I am trying to prove the derivative of $f(x) = xe^x$ is $f'(x) = e^x + xe^x$ from first principles.
The derivative is $ \frac{f(x+h) - f(x)}{h} $ as h tends to zero
So:
$ \frac{f(x+h) - f(x)}{h} = \frac{(x+h)e^{x+h} - xe^x}{h} $
$ = \frac{x(e^{x+h}-e^x)+he^{x+h}}{h} $
$ = \frac{x(e^{x+h}-e^x)}{h} + e^{x+h} $
This tends to infinity as h tends to zero. Where have I gone wrong?
You have incorrectly evaluated the limit of $\frac{e^{x+h}-e^x}{h}$, which tends to $e^x$, rather than to infinity as $h$ tends to zero.
Note that $\frac{e^{x+h}-e^x}{h}$ is the standard difference quotient in the computation of the derivative of $e^x$.
Note that $$ \frac{x(e^{x+h}-e^x)}{h}=\frac{x(e^x\cdot e^h-e^h)}{h} = \frac{xe^x(e^h-1)}{h}=xe^x\frac{e^h-1}{h} $$ and the limit of the last factor is the derivative of $t\mapsto e^t$ at $0$, so it is $1$ rather than infinity.

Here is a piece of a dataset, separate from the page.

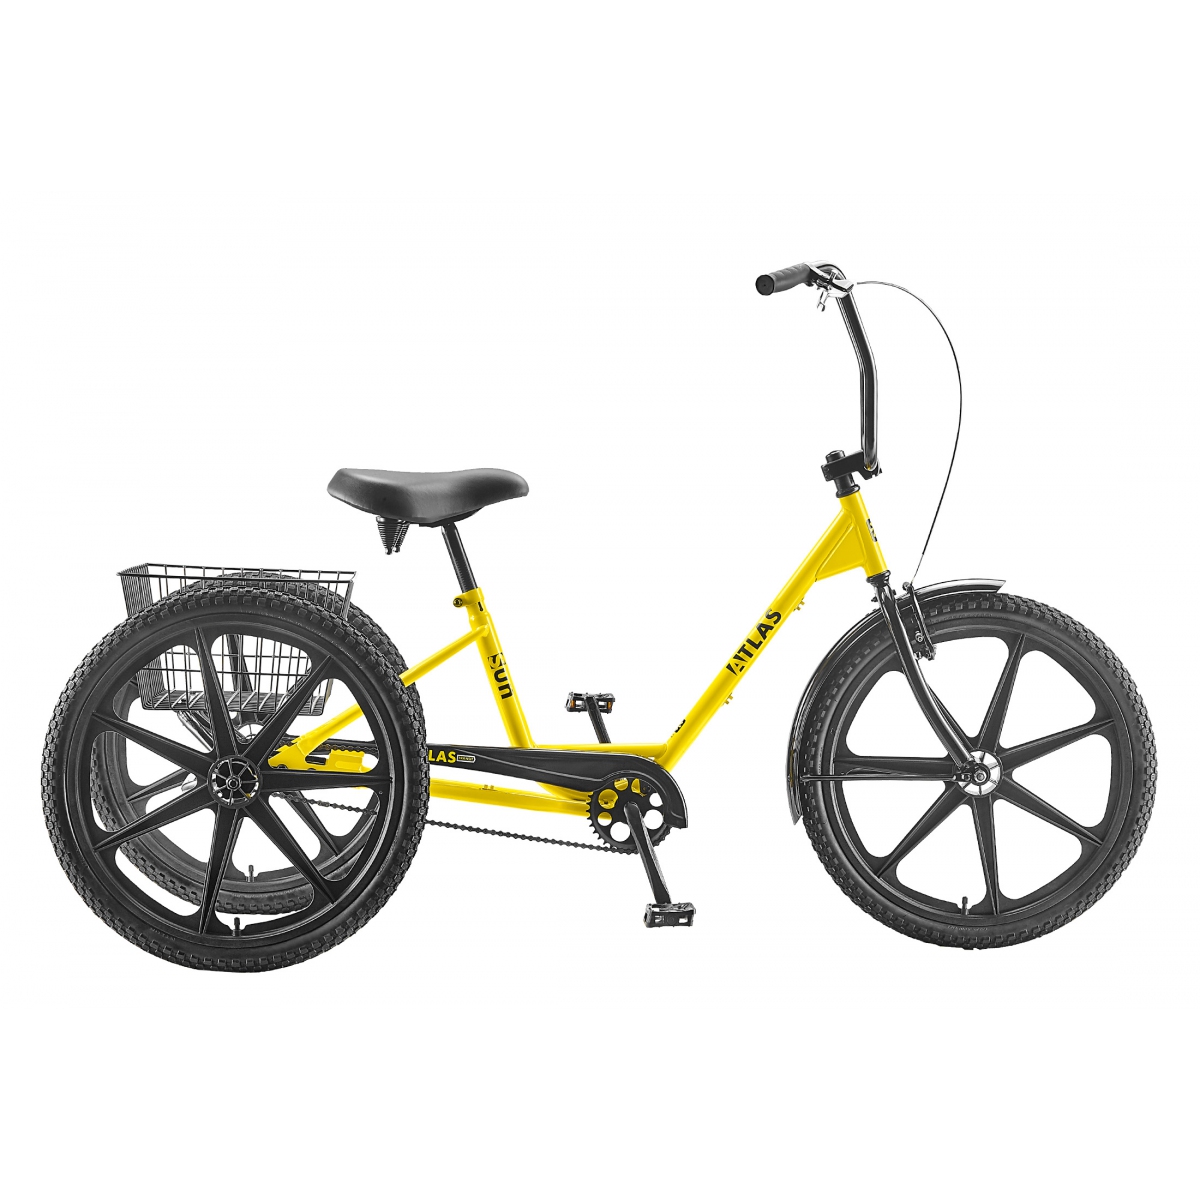 heavy duty adult tricycle

How do you compute it? It depends on how you define $e$: if you define $e$ as the only number $a$ such that $$ \lim_{h\to0}\frac{a^h-1}{h}=1 $$ then you're done.
If you define $e=\lim_{n\to\infty}(1+1/n)^n$ then much more work needs to be done. First show that $$ \lim_{x\to\infty}\left(1+\frac{1}{x}\right)^{\!x}=e= \lim_{x\to-\infty}\left(1+\frac{1}{x}\right)^{\!x} $$ Then we can do the substitution $x=1/t$ and get $$ \lim_{t\to0}(1+t)^{1/t}=e $$ so, by continuity of the logarithm, $$ \lim_{t\to0}\frac{\log(1+t)}{t}=1 $$ Now set $\log(1+t)=h$ so that $t=e^h-1$; therefore $$ \lim_{h\to0}\frac{h}{e^h-1}=1 $$
If you know/can use power/Taylor series, then
$$\frac{e^h-1}h=\frac{1+h+\mathcal O(h^2)+\ldots-1}{h}=1+\mathcal O(h)\xrightarrow[h\to 0]{}1$$
Use
$\dfrac{d[f(x)\cdot g(x)]}{dx}=\lim_{h\to0}\dfrac{f(x+h)g(x+h)-f(x)g(x)}h$
$=\lim_{h\to0}f(x+h)\lim_{h\to0}\dfrac{g(x+h)-g(x)}h+g(x)\lim_{h\to0}\dfrac{f(x+h)-f(x)}h$
Set $f(x)=x,g(x)=e^x$ or $g(x)=x,f(x)=e^x$
Finally use $\lim_{h\to0}\dfrac{e^h-1}h=1$